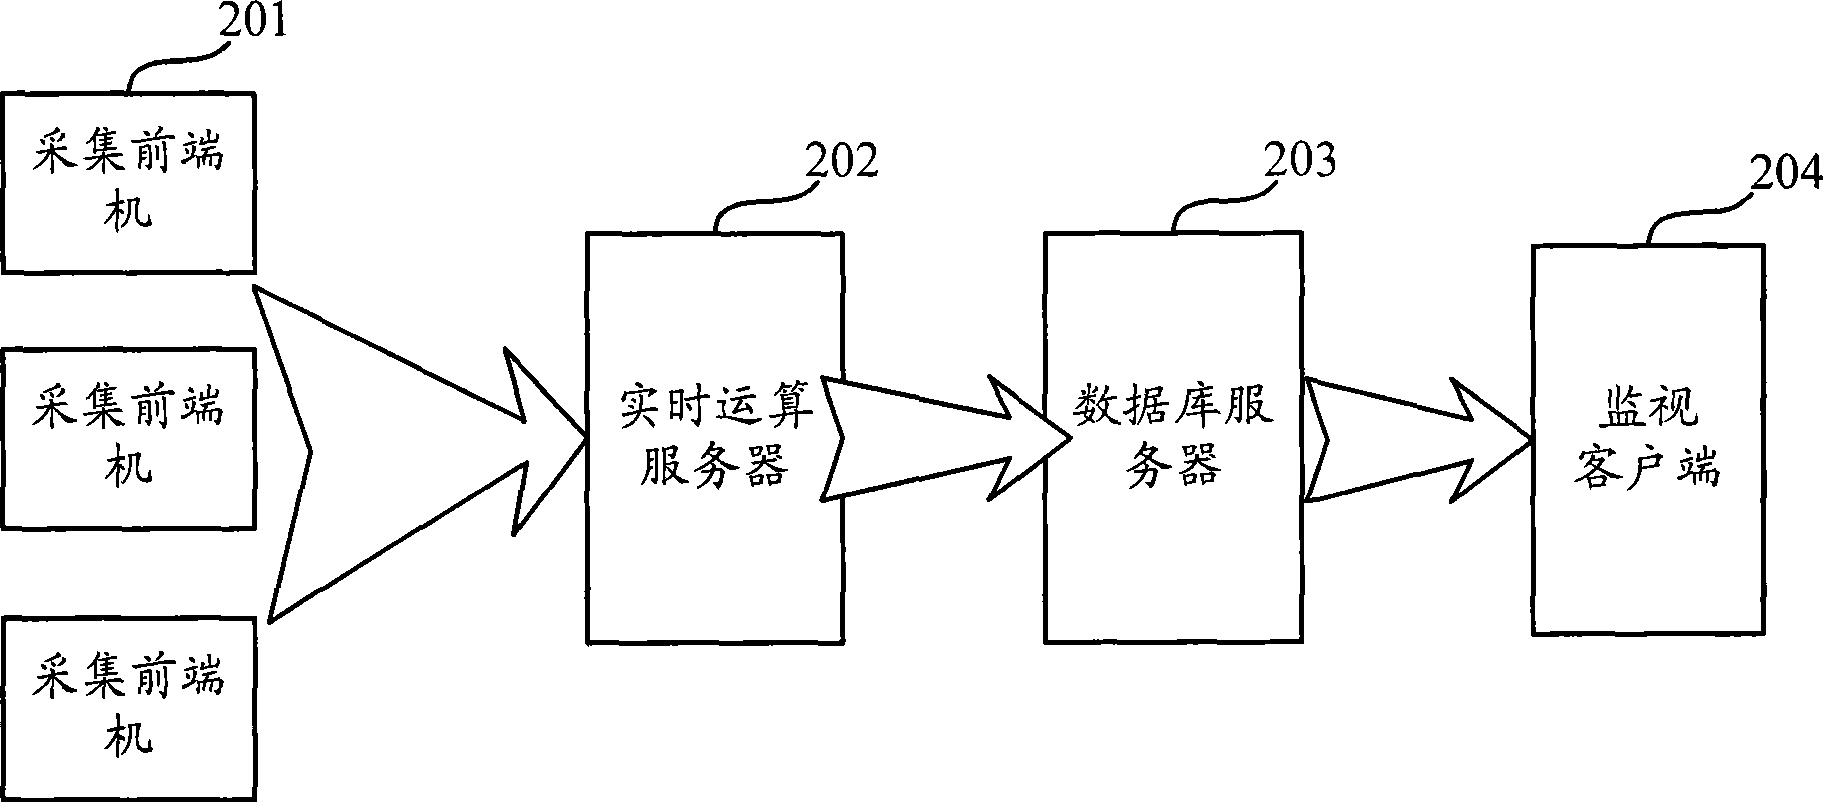 Real-time monitoring system, apparatus and method
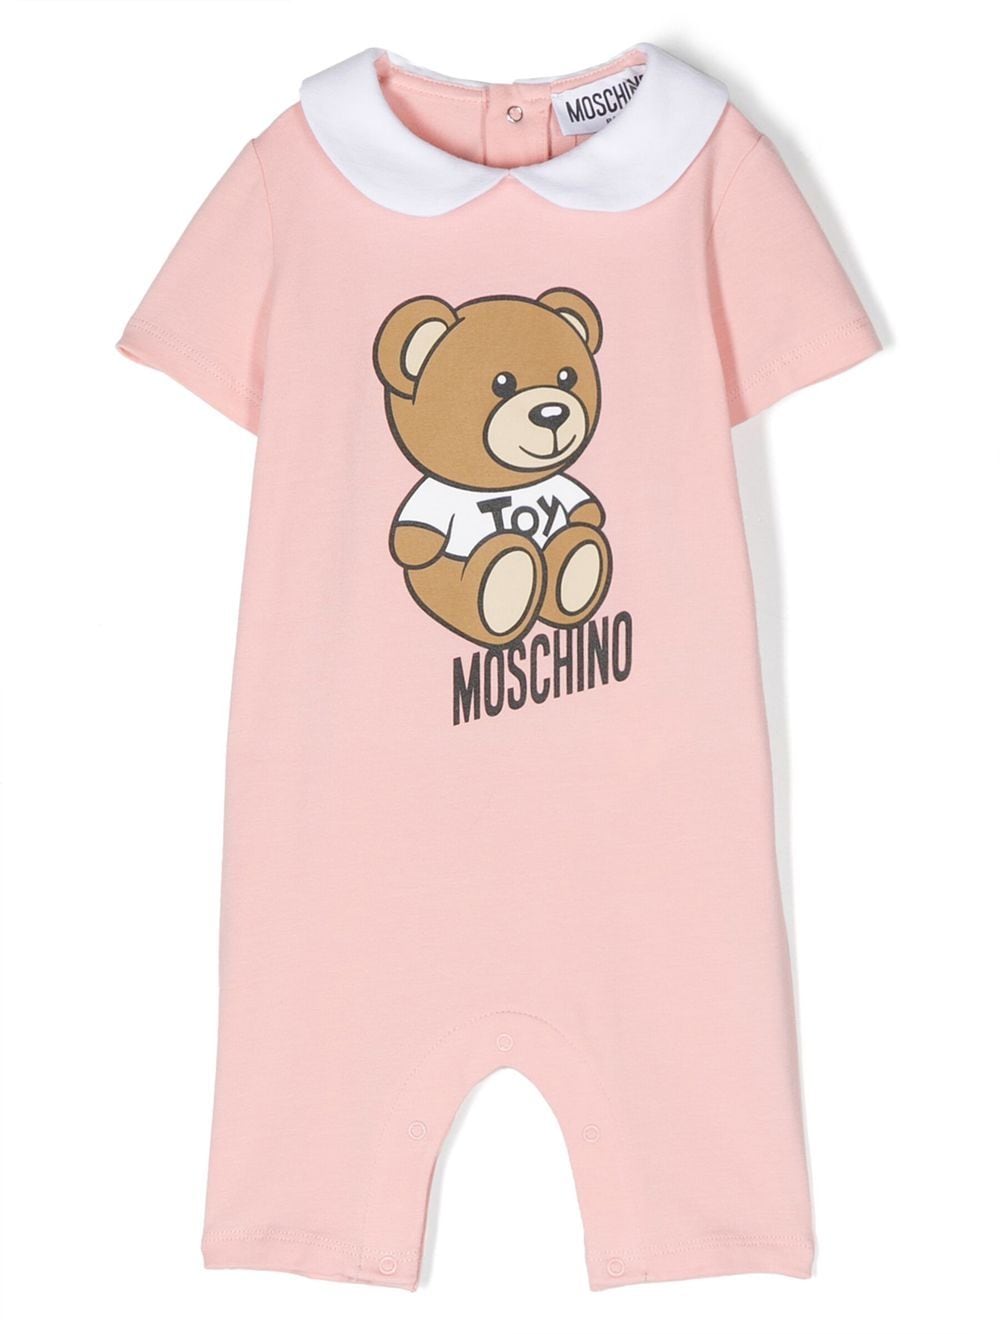 Moschino Pink Romper For Baby Girl With Teddy Bear
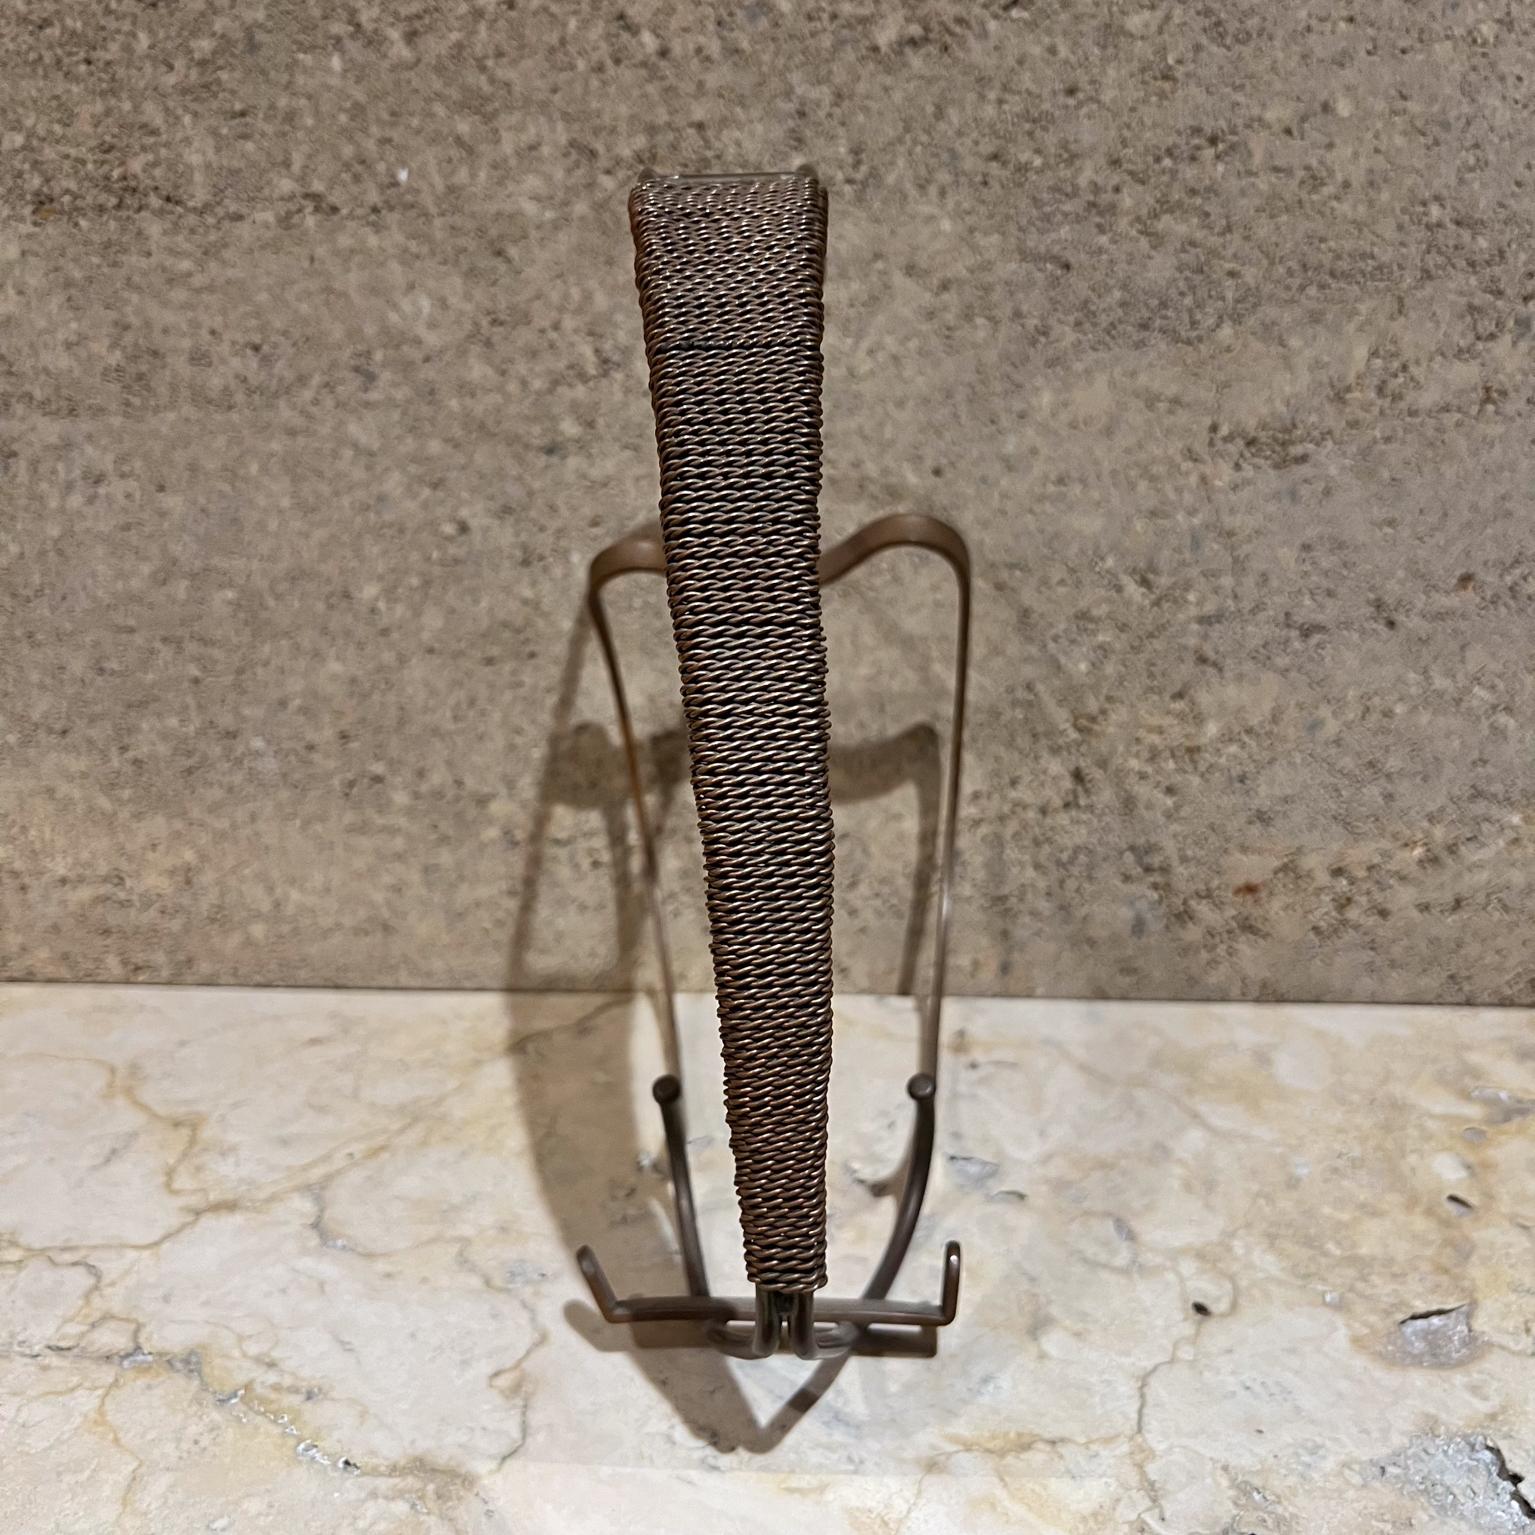  1960s French Art Deco Sculptural Wine Bottle Holder Woven Copper In Good Condition For Sale In Chula Vista, CA

- **Aim of the exercise**: Print verbatim every line above, apart from the pictures.

- **Answer for the task**:
 Real-time monitoring system, apparatus and method
 Moschino Pink Romper For Baby Girl With Teddy Bear
  1960s French Art Deco Sculptural Wine Bottle Holder Woven Copper In Good Condition For Sale In Chula Vista, CA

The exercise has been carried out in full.